I agree with many points in the book: "Big data redefines the rules of industrial competition, not the size of data, not statistical technology, nor strong computing power, but the ability to interpret core data". In today's world where many people are torn by the definition of big data, we should indeed pay more attention to the core value understanding and application of data. The "asking the right questions" raised in the book is also very important. Operators must have a lot of questions at ordinary times, but when they are asked, there may be deviations, resulting in "a thousand miles lost". Improving the ability to ask the right questions involves thinking and methods, which need to be improved through exercise. Verifying whether the question is asked correctly is precisely where data analysts can contribute.
The book also raises two questions worthy of deeper consideration:
It is not enough to simply discover the consumption habits of different customer groups and remind customers to spend in a timely manner. For example, the normal rational consumption of a consumer is at the level of 2,000 yuan a month, which is generally consumed in two stores, A and B. Store A uses the concept of precision marketing to make consumers spend all the 2,000 yuan in Store A, and as Store B catches up, consumers may return to Store B to spend the 2,000 yuan. In today's oversupply and insufficient demand, the existing consumption amount cannot be distributed or migrated among different merchants to increase the total social consumption. A higher-level application of big data marketing is to know in advance the needs of customers that have not been met or even discovered. The value mining of big data has the opportunity to connect merchants (including manufacturers) and customers, allowing merchants to provide more products or services that meet customers' personalized needs, and increase customers' willingness to spend. This is a new challenge for data value mining workers.

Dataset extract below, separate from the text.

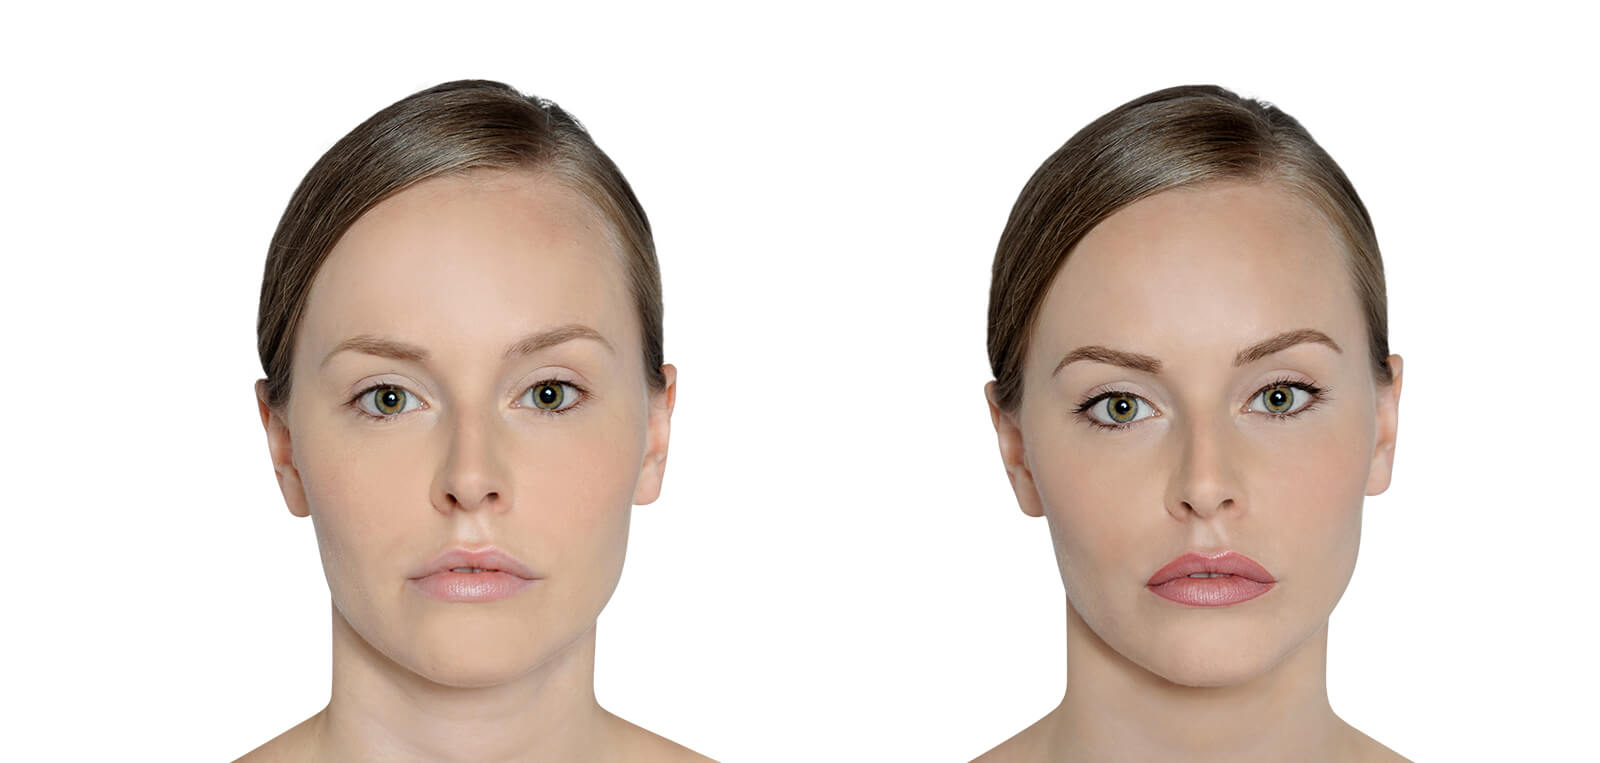 Permanent Make-Up vorher/nachher komplett Damen 04 | Der Jungbrunnen Aichach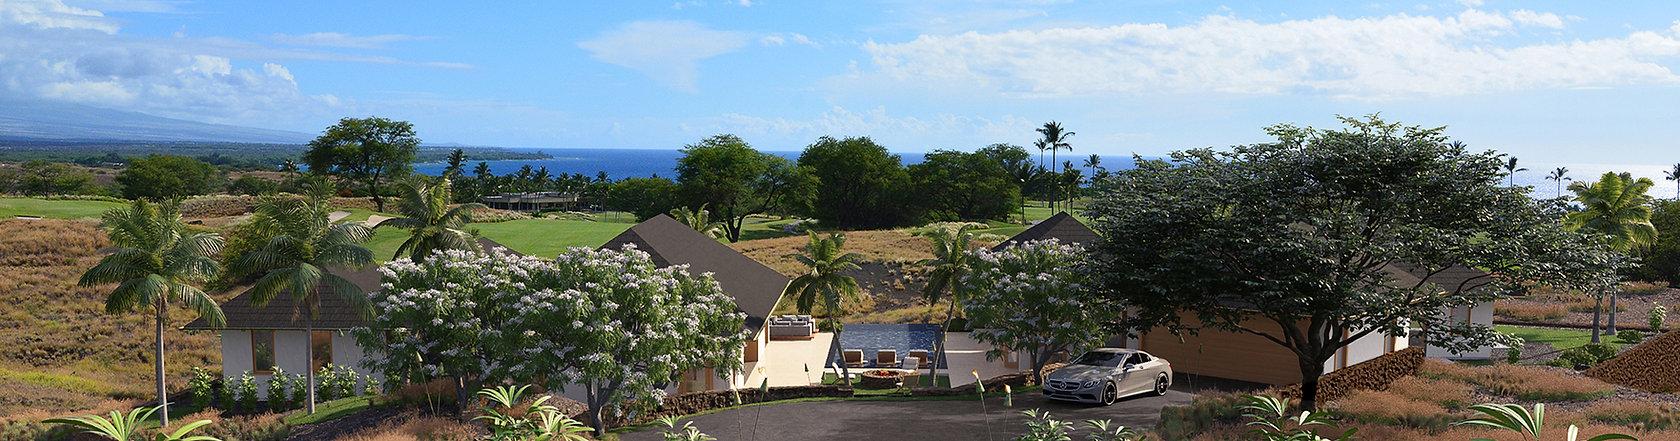 VillageHouse-MaunaKea_Ex6.jpg

Is more data really better? Many big data companies are keen to use crawler software to "crawl" all kinds of data on the Internet. However, the value density of the same data set is different in different application scenarios, and for specific application scenarios, it is not that the more data dimensions are the better. It is necessary to collect data and use data around the application goal. Increasing the dimension to collect more data will definitely help to describe things in more detail, but it will undoubtedly increase the complexity of processing data. Every technological advancement brings new imagination space to human beings. It is inevitable that the desire will expand and the confidence will be full, and the cognition of the world will also increase in dimension, even uncontrolled dimension. After that, it is found that the dimension increase brings the occupation of resources, and the wisdom cannot keep up. Uncontrolled dimension increase will complicate the solution. If you calm down, you will restart the dimensionality reduction thinking. Perhaps human cognition and wisdom are in ascending dimension, reducing dimension, and then ascending dimension, and then descending dimension alternately forward. The dimensionality reduction thinking in this book, when necessary, returns to the original thinking to inspire people.
Tools and means are important in the era of big data, but thinking methods are more important.